# 1850s Hodges catapult gun



## robbo (Jun 8, 2019)

g,day everyone has anyone in any part of the world got a hodges rubbered powered gun the one without the limbs straight barrel. Larry Hannusch whos into airguns is supposed to have one they shoot 11mm or 7/16 lead balls at 350fps. but i am trying to find someone who could chrony one they where supposed to take down boar sized game, and sailers used them on islands because they were quit. there rubber powered history any input welcome.


----------



## Konrad (May 2, 2020)

Courtacey of *BONHAMS.COM*
https://www.bonhams.com/auctions/24657/lot/206/
A RARE HODGES PATENT CATAPULT GUN
UNSIGNED BUT ALMOST CERTAINLY BY RICHARD EDWARD HODGES, NO. 56, CIRCA 1850
With octagonal barrel open over nearly its entire length on each side to accept an india-rubber cord (missing) secured at the muzzle by a brass mount cast and chased as draped figures of Britannia, white-metal action and tang engraved with scrolling foliage, pivoting white-metal access cover engraved en suite and incorporating the rear-sight, figured full stock (old bruising) with hand rest carved as a scrolled leaf, chequered grip, scroll engraved iron mounts including scrolled trigger-guard, white-metal butt-trap (hinged circular cover replaced), and vacant white-metal escutcheon (steel parts pitted overall)
76.2 cm.

Footnotes

Richard Edward Hodges was granted English Patent No. 12623 in 1849 for 'application of india-rubber to projectiles' and also manufactured projectors, accumulators and door springs all of india-rubber. For more information see Howard L. Blackmore, _Hunting Weapons_, 1971, pp. 171, 209, pls. 83-84

The other version:



I think you know more about it than me Robbo.

Maybe trying to contact pyramid air and Larry Hannusch might be a idea if you get no leads here.

Salutations Konrad.


----------



## Flatband (Dec 18, 2009)

WOW! Never saw or heard of one of those. So Cool!


----------



## Xring11 (Jun 27, 2020)

Ribbon and Konrad
Thanks for sharing such fascinating info!


----------



## robbo (Jun 8, 2019)

Flatband said:


> WOW! Never saw or heard of one of those.
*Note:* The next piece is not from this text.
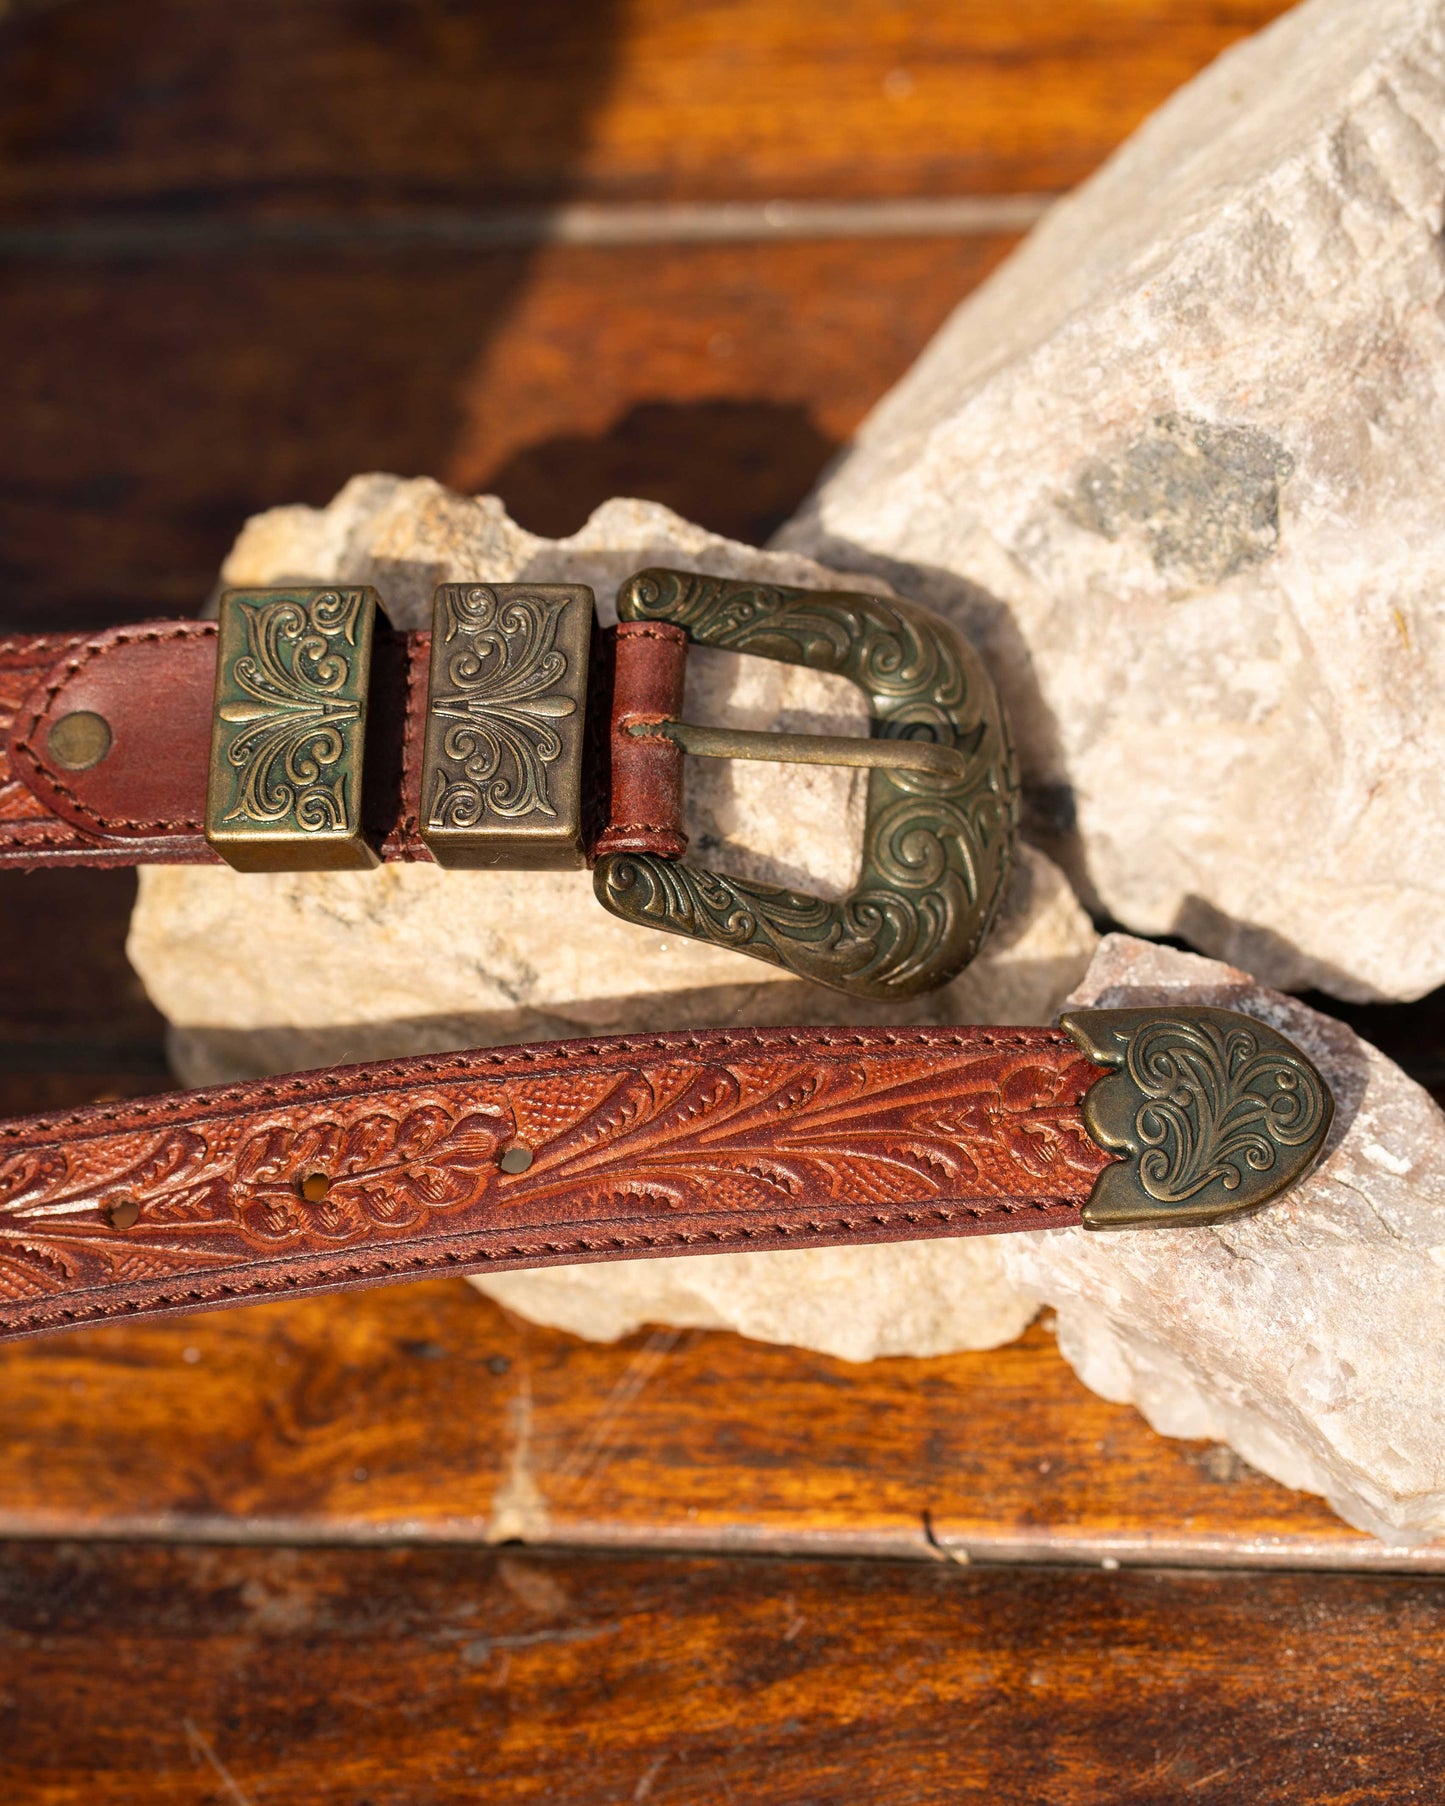 StacheMan's Red Wine Leather Tooled Belt

So Cool!


yes Flatband there cool allright . trying to find out the specs so i can compare it to my 45 inch draw ott slingshot rifle, when i get my chrony.


----------



## Tobor8Man (Nov 19, 2020)

Interesting article here:

https://www.pyramydair.com/blog/2007/02/hodges-catapult-gun/

and also here:

http://hodgesgunmakers.yolasite.com/unrelated-hodges.php (scroll down)
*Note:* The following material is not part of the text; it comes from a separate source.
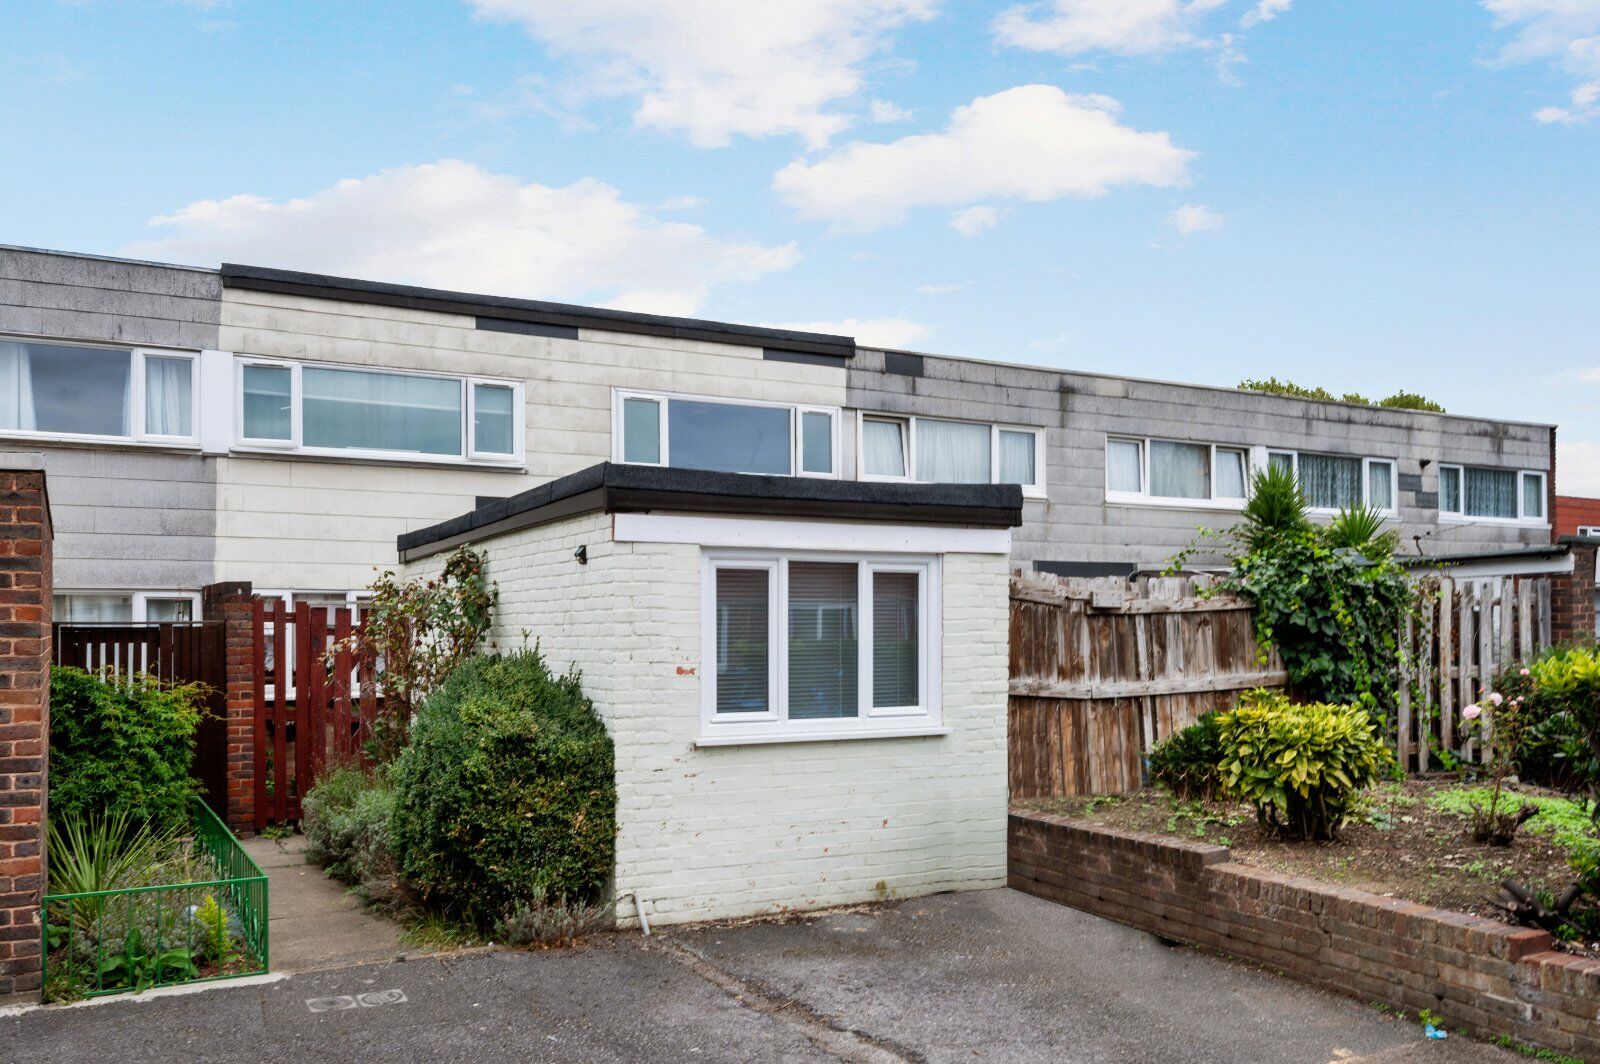 3 bedroom mid terraced house for sale Savill Gardens, London, SW20, main image

I wonder if Hodges designed a slingshot?


----------



## Cass (Nov 16, 2020)

That is cool enough to put on my things to make list!


----------



## robertappleyard66 (12 mo ago)

been a while, anyone got any new information on the catapult gun cheers.


----------



## Lou G. (29 d ago)

Besides the Hodges gun(s), there is reportedly another of this type, made by a Paris gunmaker named Alphonse Caron at about the same time.. Both Hodges and Caron had displays at the great Crystal Palace Exhibition of 1851, but it looks like Caron had only percussion pistols on his table. The search for more info continues.


----------



## Lou G. (29 d ago)

Robert: You may want to check out my new post about the Hodges in the "General Slingshot Discussion" Forum.

Reed: I finally found the Alphonse Caron patent, on a French website. I can't print out the drawing, but I did photograph it on my computer screen with my little flip phone (not a great photo, but decent enough). So---I'm not computer-savvy enough to upload the photo directly to a website, but I CAN send it to another phone. Will the website phone (416-341-8950) work for this, or should I use another number?.


----------